Alpaca: 52K instruction-following demonstrations generated in the style of self-instruct using text-davinci-003. (Taori et al. (2023))

The authors use two strategies to generate instructions on top of existing ones which they called:

Example-guided
Topic-guided

Let’s look at them in detail in the following sections.

2.2 Example Guided

Example guided generation follows Wang et al. (2022) & Taori et al. (2023).

Specifically, the authors include only few random examples, and some limited constraints as shown in the example prompt in Figure 1.

Newer instructions are generated by providing these examples from existing datasets - Self-Instruct (\(X_{SI}\)), P3 (\(X_{P3}\)) & FLAN (\(X_{FLAN}\)).

Note

The number of in-context examples used for generation of \(X_{SI}\) is 3 whereas for \(X_{P3}\) & \(X_{FLAN}\) is 2. This is because the instructions in \(X_{P3}\) & \(X_{FLAN}\) are longer in length compared to \(X_{SI}\).

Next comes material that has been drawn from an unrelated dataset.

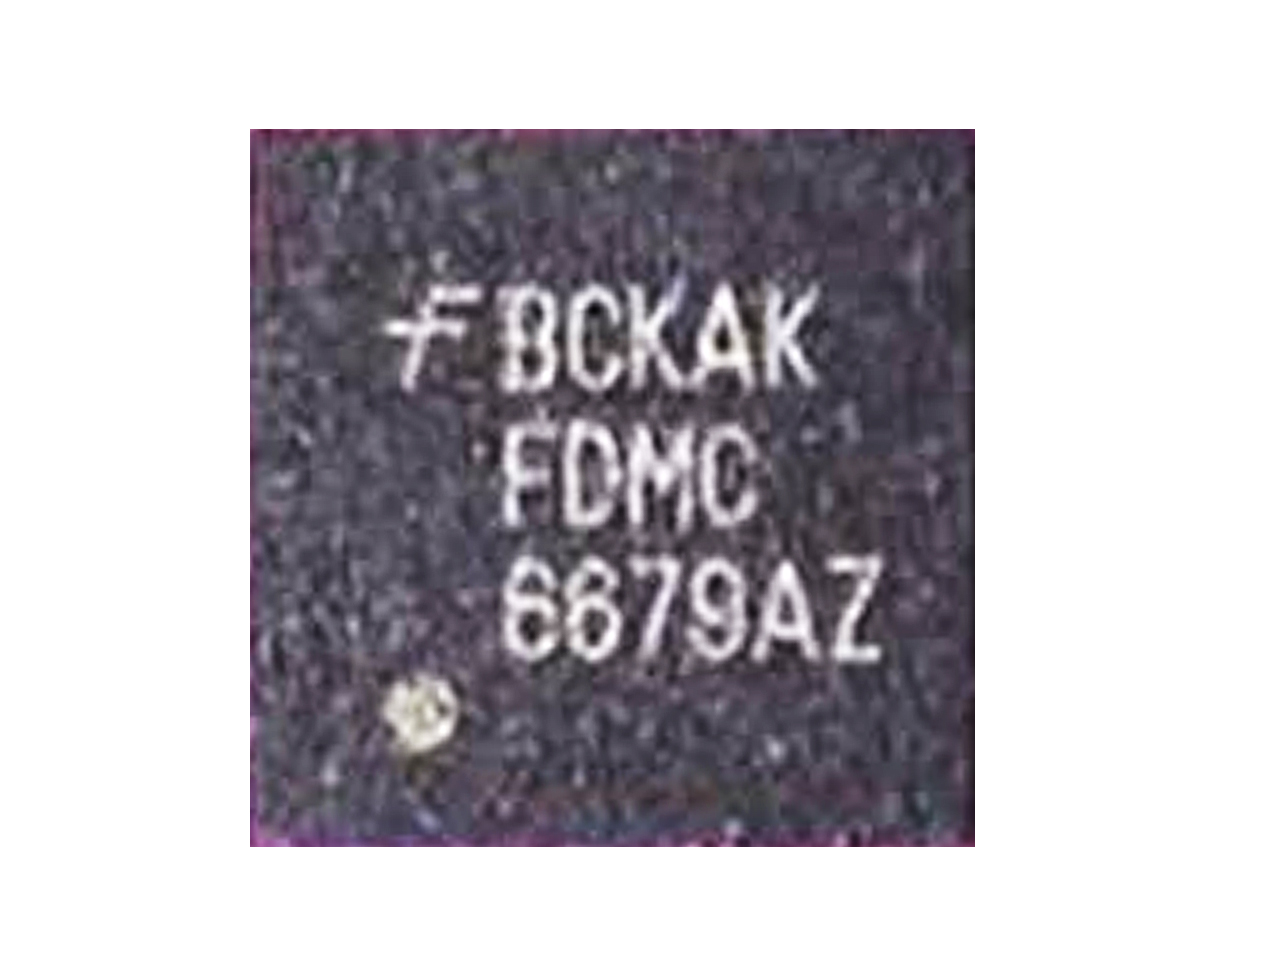 FDMC6679AZ

This is due to token limits of ChatGPT.

Figure 1: An example of instruction generation prompt based on three random examples from self-instruct

To generate your own instructions using ChatGPT, either paste the above prompt in ChatGPT, or we can use the openai API like so:

Code

import openai
openai.api_key = "sk_" #Your API key goes here 

N = 20
examples = [
    'What are some things you can do to de-stress?', 
    'How can individuals and organizations reduce unconscious bias?',
    'Write a program to compute the sum of integers from k to n.'
]

prompt=f"""
<example>{examples[0]}</example>
<example>{examples[1]}</example>
<example>{examples[2]}</example>

Generate {N} diverse examples that are similar to the provided examples.
You do not need to provide a response to the generated examples.
Each example must include an instruction.
Each generated instruction can be either an imperative sentence or a question.
Each example must start with the label "<example>" and end with the label "</example>".
"""

messages = [{"role": "user", "content": prompt}]
response = openai.ChatCompletion.create(
    model='gpt-3.5-turbo',
    messages=messages,
    temperature=0, # not specified in the paper 
)
response.choices[0].message["content"]

In the above code, you can see how we can easily replace the examples list with a function that looks like - get_random_examples(n=3, subset='self-instruct') and based on that get example instructions from the existing datasets. By using different subsets, we can generate different examples.

The instructions that are generated by using examples from \(X_{SI}\), \(X_{P3}\) & \(X_{FLAN}\) are referred to as \(\hat{X}_{SI}\), \(\hat{X}_{P3}\) & \(\hat{X}_{FLAN}\). So, the below 20 generated instructions would be part of \(\hat{X}_{SI}\) because the 3 examples are from \(X_{SI}\).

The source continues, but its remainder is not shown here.